Ich will so ein XML-Schema: 

<?xml version="1.0" encoding="UTF-8"?> 
<xsd:schema xmlns:xsd="http://www.w3.org/2001/XMLSchema"> 
<xsd:complexType name="PersonTyp" abstract="true"> 
<xsd:sequence> 
<xsd:element name="Vorname" type="xsd:string" maxOccurs="3"/> 
<xsd:element name="Name" type="xsd:string"/> 
<xsd:element name="Geburtsdatum" type="xsd:date"/> 
</xsd:sequence> 
</xsd:complexType> 
<xsd:complexType name="MitarbeiterTyp"> 
<xsd:complexContent> 
<xsd:extension base="PersonTyp"> 
<xsd:sequence> 
<xsd:element name="Gehalt"> 
<xsd:simpleType> 
<xsd:restriction base="xsd:float"> 
<xsd:minInclusive value="10000"/> 
</xsd:restriction> 
</xsd:simpleType> 
</xsd:element> 
</xsd:sequence> 
</xsd:extension> 
</xsd:complexContent> 
</xsd:complexType> 
<xsd:element name="Unternehmen"> 
<xsd:complexType> 
<xsd:sequence> 
<xsd:element name="Mitarbeiter" type="MitarbeiterTyp" 
maxOccurs="unbounded"/> 
</xsd:sequence> 
</xsd:complexType> 
</xsd:element> 
</xsd:schema> 

mit so ein XML-Dokument: 

<?xml version="1.0" encoding="UTF-8"?> 
<Unternehmen xmlns:xsi="http://www.w3.org/2001/XMLSchema-instance" 
xsi:noNamespaceSchemaLocation="xml_schema.xsd"> 
<Mitarbeiter> 
<Vorname>Hagen</Vorname> 
<Vorname>Dieter</Vorname> 
<Name>Becker</Name> 
<Geburtsdatum>1967-08-13</Geburtsdatum> 
<Gehalt>39512.34</Gehalt> 
</Mitarbeiter> 
<Mitarbeiter> 
<Vorname>Jutta</Vorname> 
<Name>Stehl</Name> 
<Geburtsdatum>1976-09-11</Geburtsdatum> 
<Gehalt>42500.34</Gehalt> 
</Mitarbeiter> 
</Unternehmen> 

validieren d.h. ich will prüfen ob mein XML-Dokument alle Regeln in XML-Schema angehalten hat.
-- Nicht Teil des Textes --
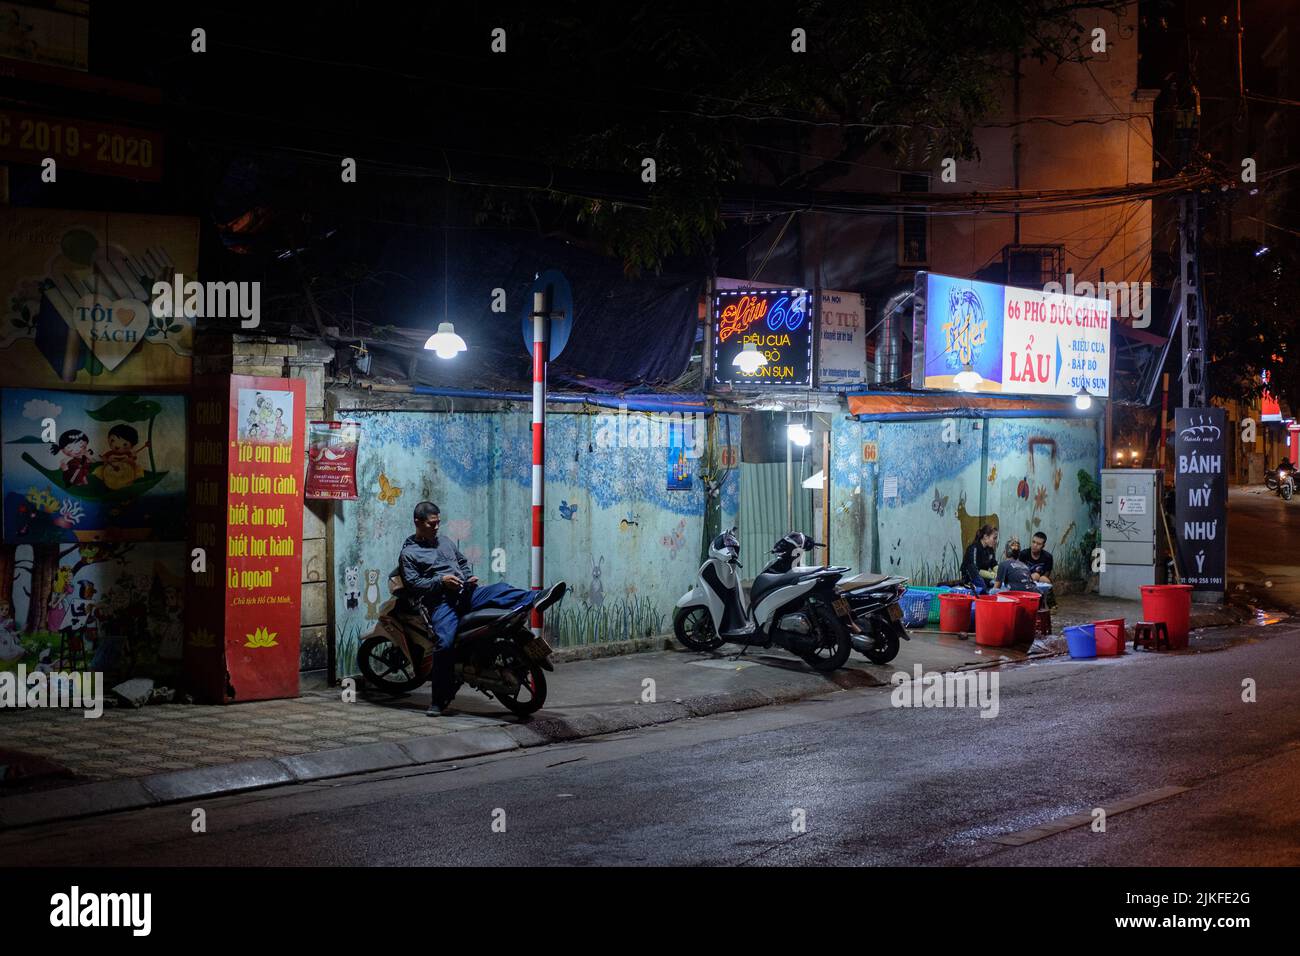 HANOI, VIETNAM - JANUARY 5, 2020: Scenes from the night streets of Hanoi, Vietnam on January 5, 2020. Stock Photo

GIBT ES EINE MÖGLICHKEIT MIT EINSATZ VON JDOM?


----------



## clemson (27. Apr 2006)

hast du das schon probiert??


----------



## java_freaker (27. Apr 2006)

clemson hat gesagt.:
			
		

> hast du das schon probiert??



Nein, aber ich habe so was versucht:

public class Validieren {

    public static void main(String[] args)  {

       try
       {
           SAXBuilder saxBuilder = new SAXBuilder();
           saxBuilder.setValidation(true);
           Document d= saxBuilder.build("test_xml.xml");
           System.err.println( d );


       }
       catch(Exception ex)
       {
           System.out.println(ex.getCause());
       }


    }


}

aber bekomme die Fehlermeldung: org.xml.sax.SAXParseException: Element type "Unternehmen" is not declared.

Danke


----------



## clemson (27. Apr 2006)

also folgender code funktioniert, allerdings muss der xerxes-parser im classpath sein...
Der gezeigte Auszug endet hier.